==== Data extract
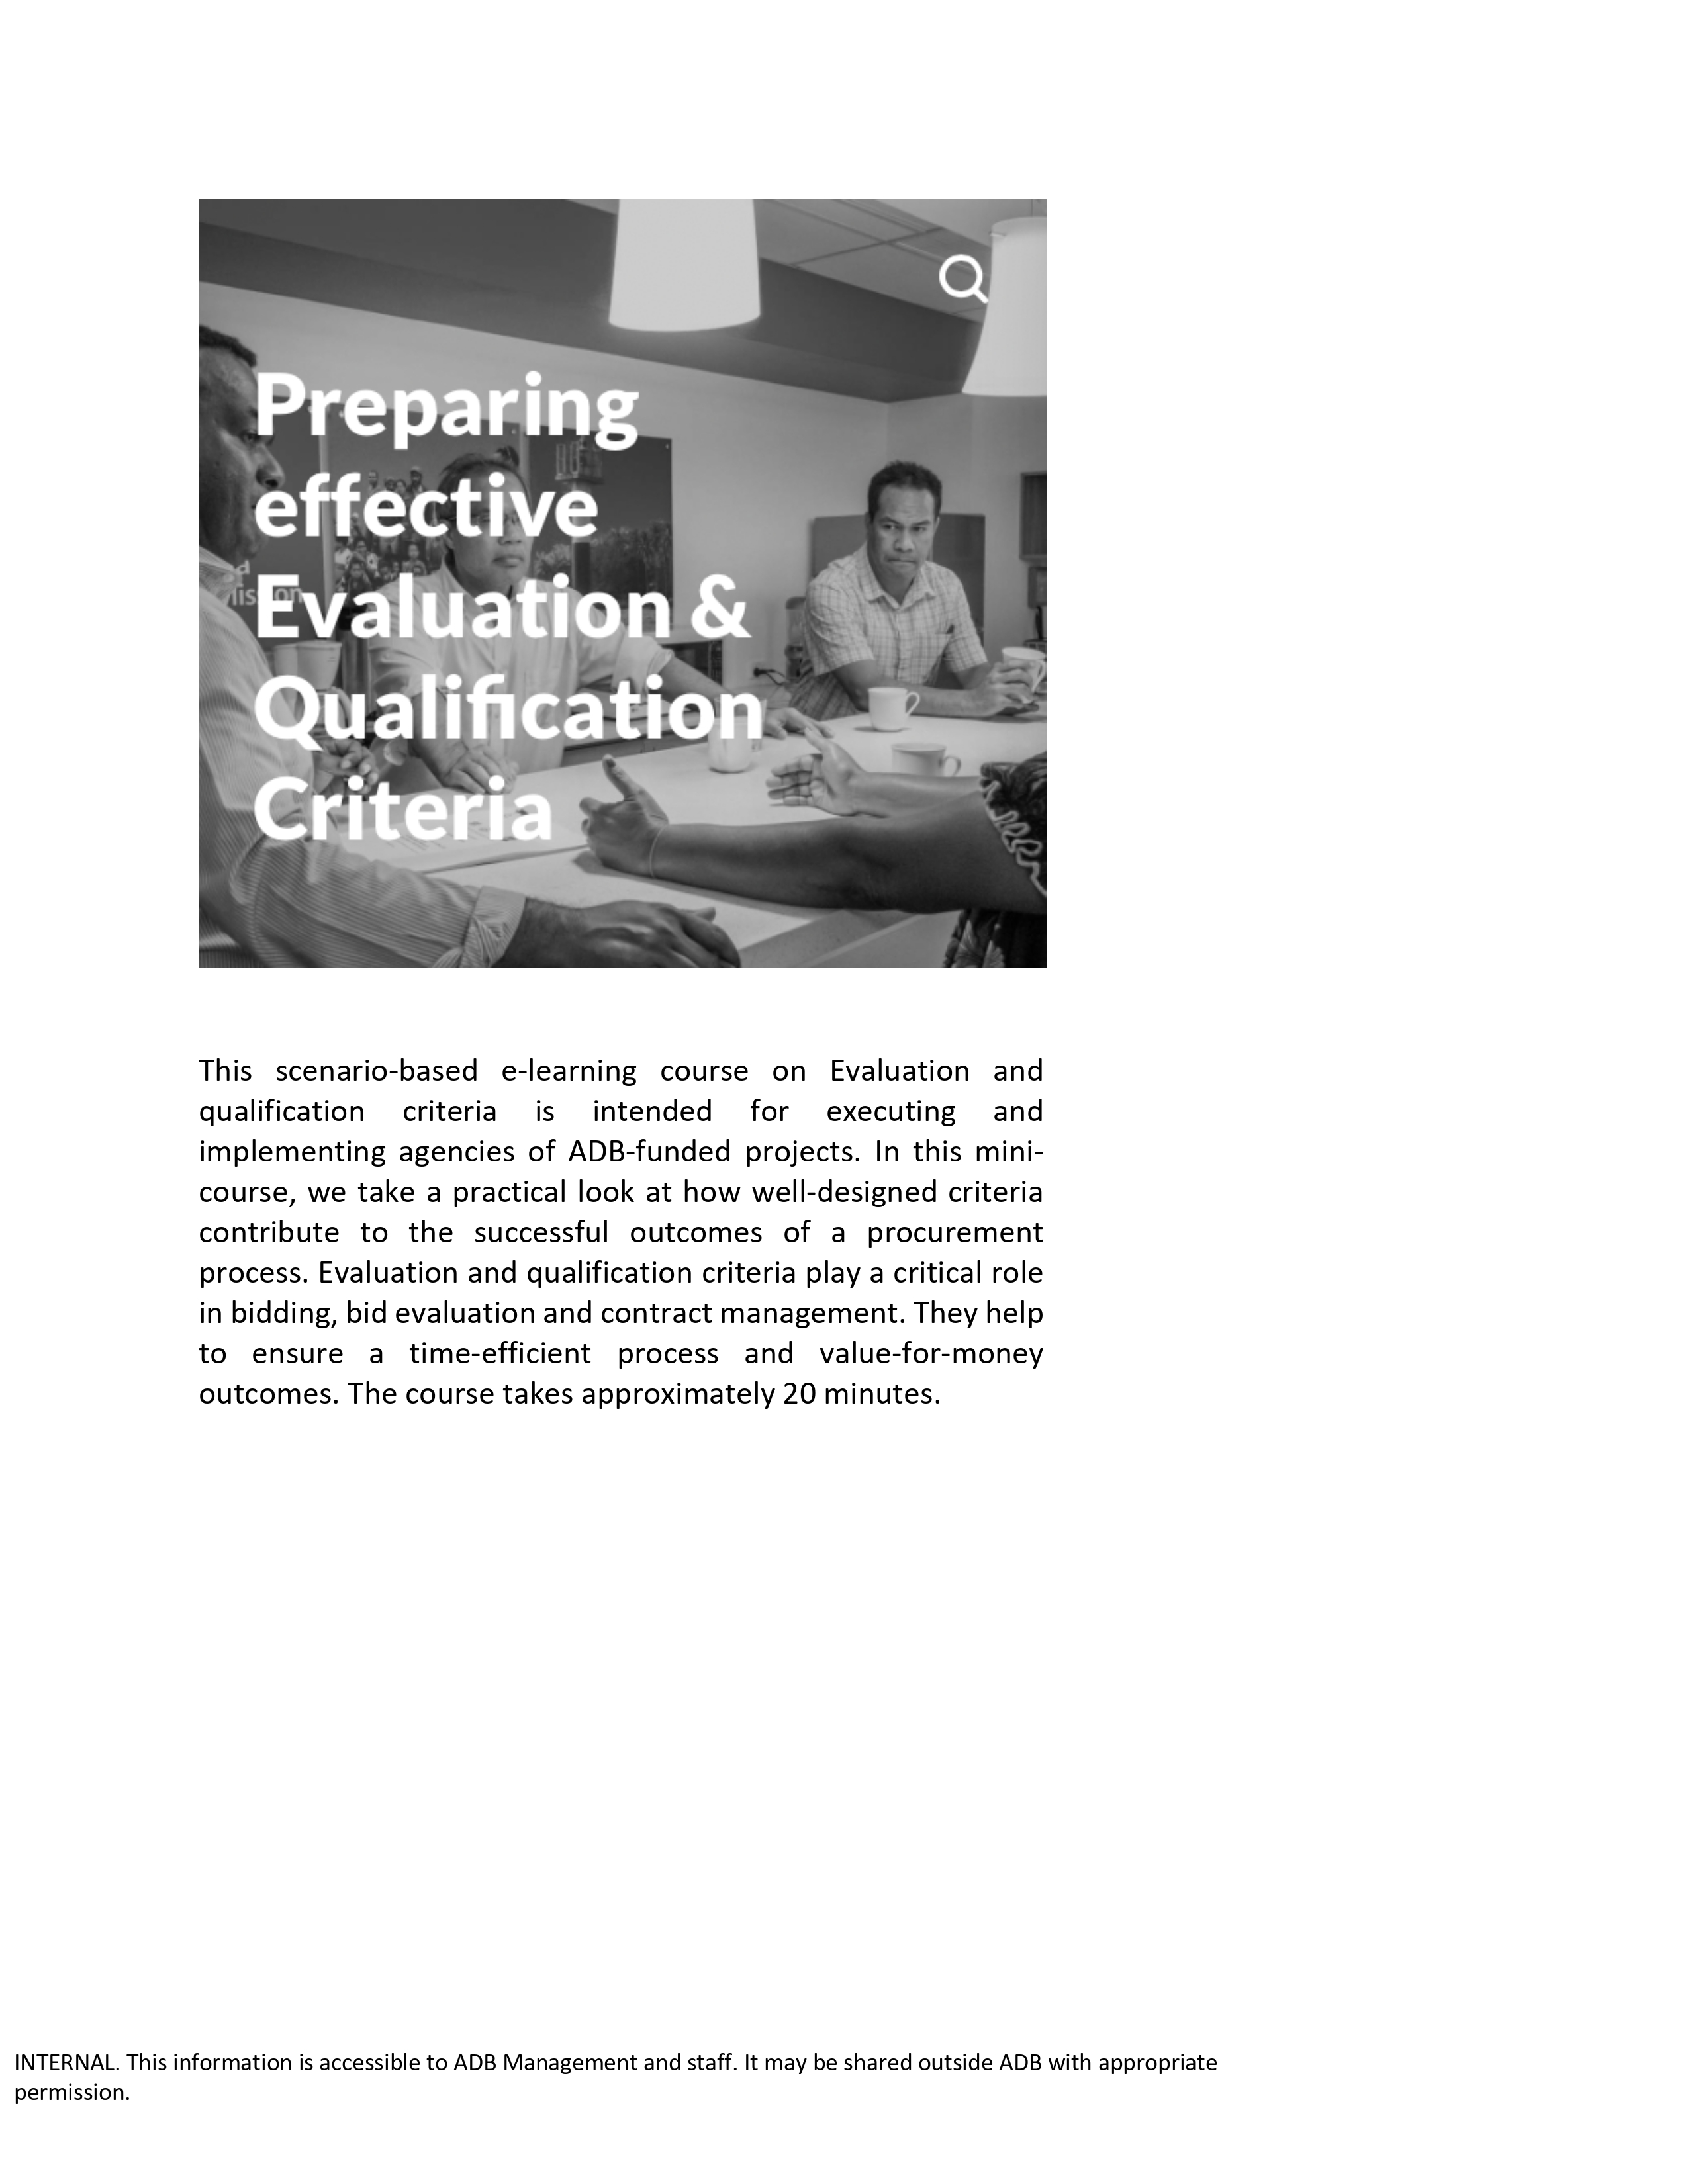 Preparing Effective Evaluation and Qualification Criteria
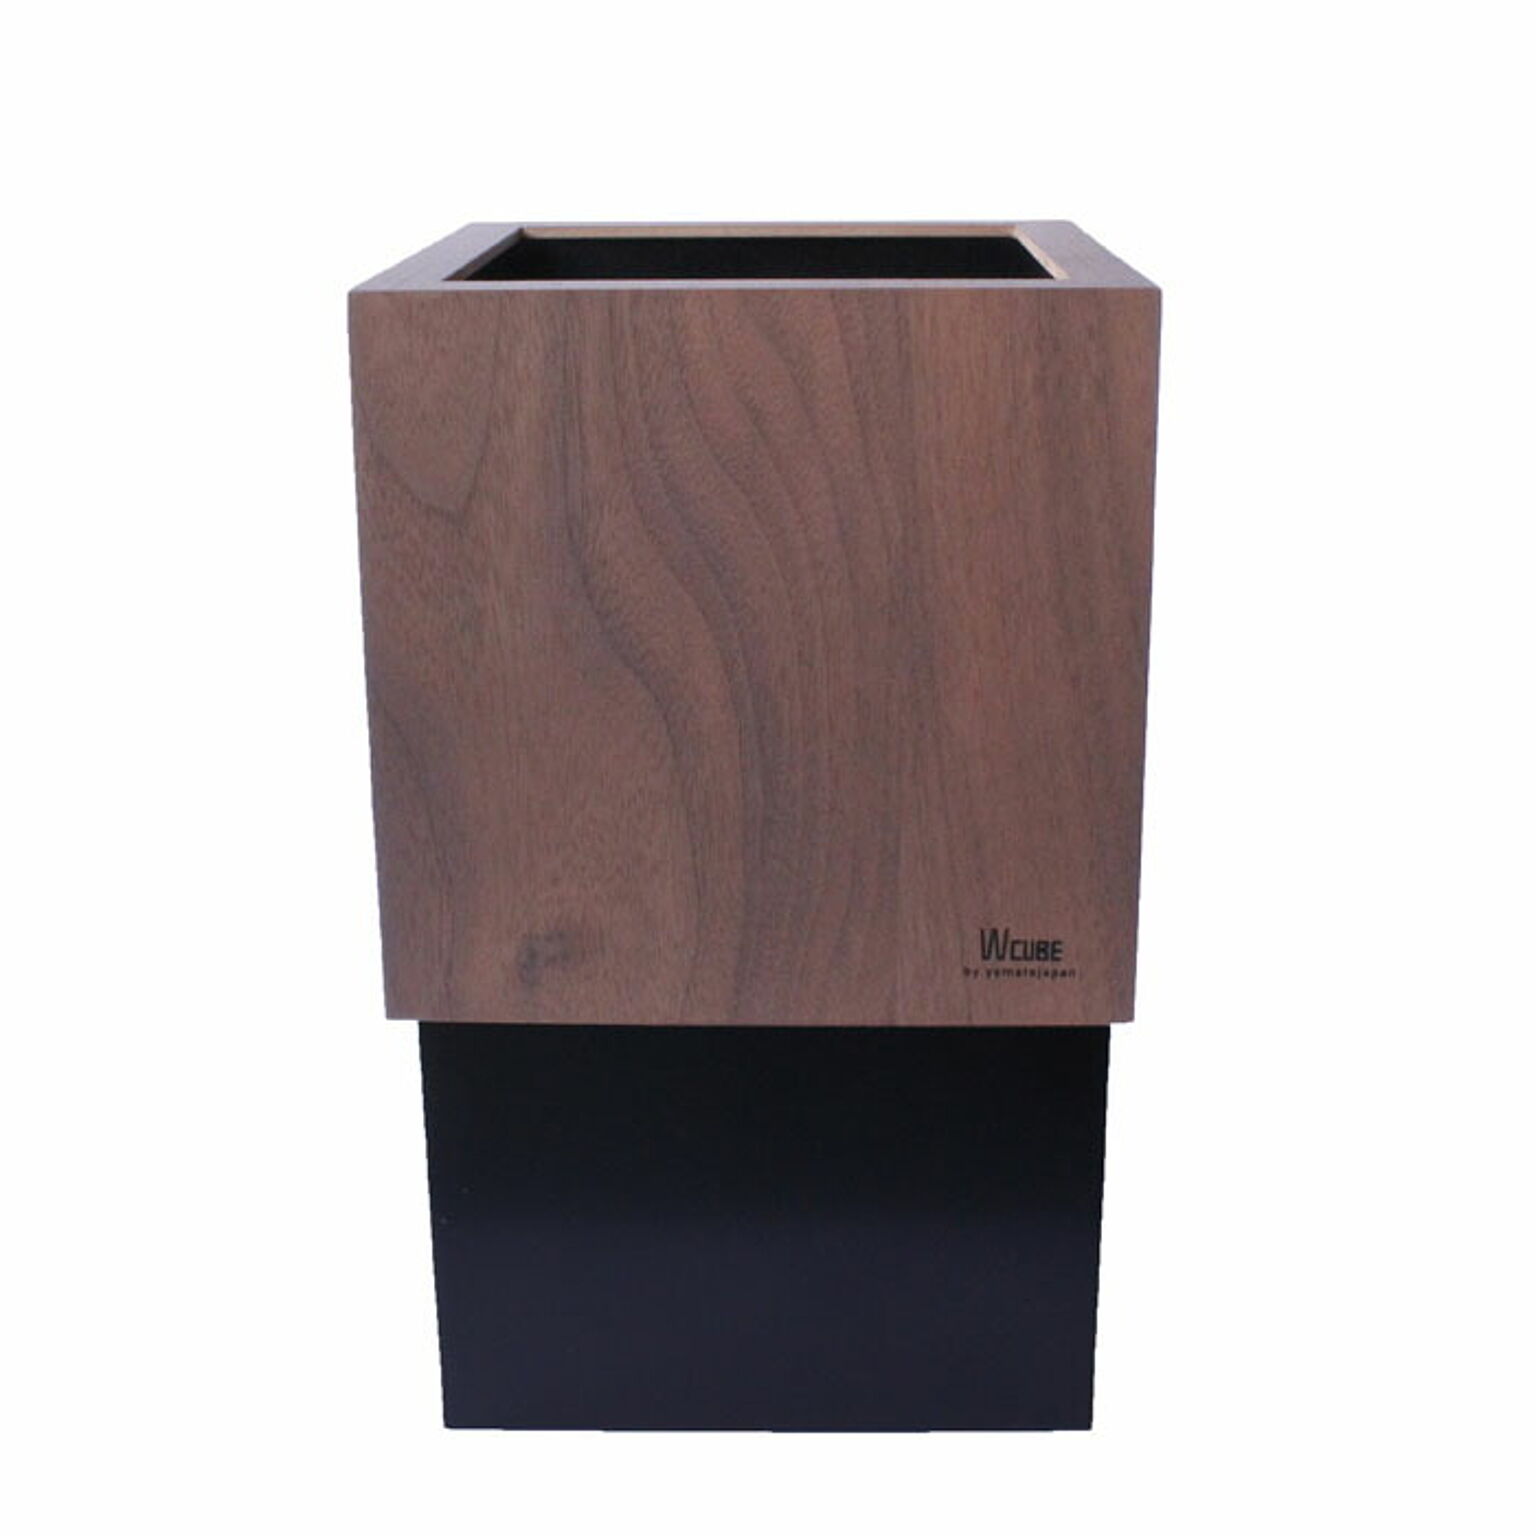 ゴミ箱 ダストボックス 北欧 ごみ箱 日本製 木製 10L ウォールナット シンプル 職人の手作り リビング W CUBE ヤマト工芸
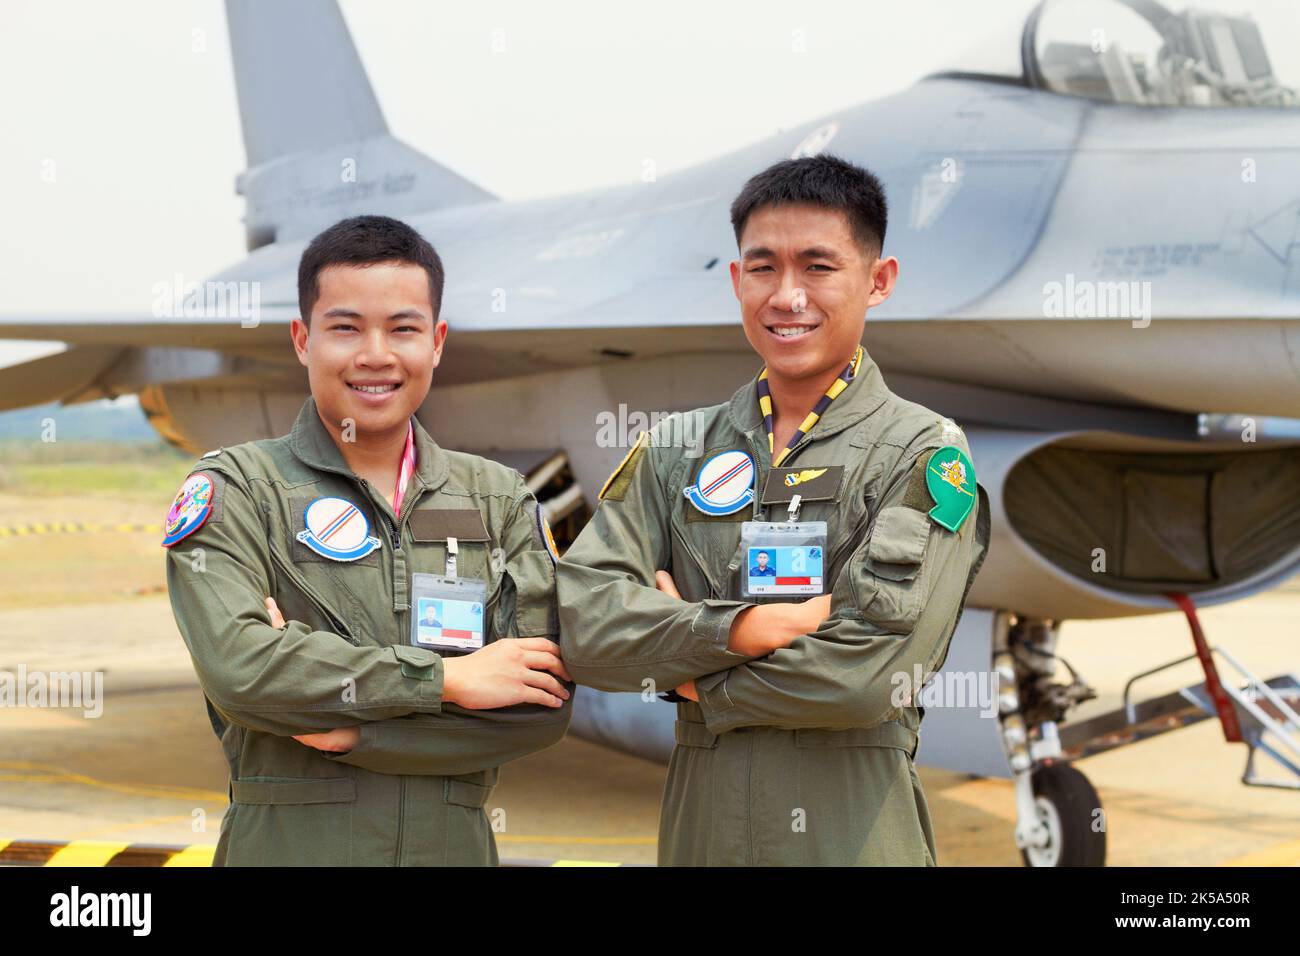 Bereit für einen Hundekampf. Eine Aufnahme von zwei selbstbewussten asiatischen Kampfflugzeugen. Stockfoto
========
Leaving out the pictures, repeat the data above exactly.

 Preparing Effective Evaluation and Qualification Criteria
 ゴミ箱 ダストボックス 北欧 ごみ箱 日本製 木製 10L ウォールナット シンプル 職人の手作り リビング W CUBE ヤマト工芸
 Bereit für einen Hundekampf. Eine Aufnahme von zwei selbstbewussten asiatischen Kampfflugzeugen. Stockfoto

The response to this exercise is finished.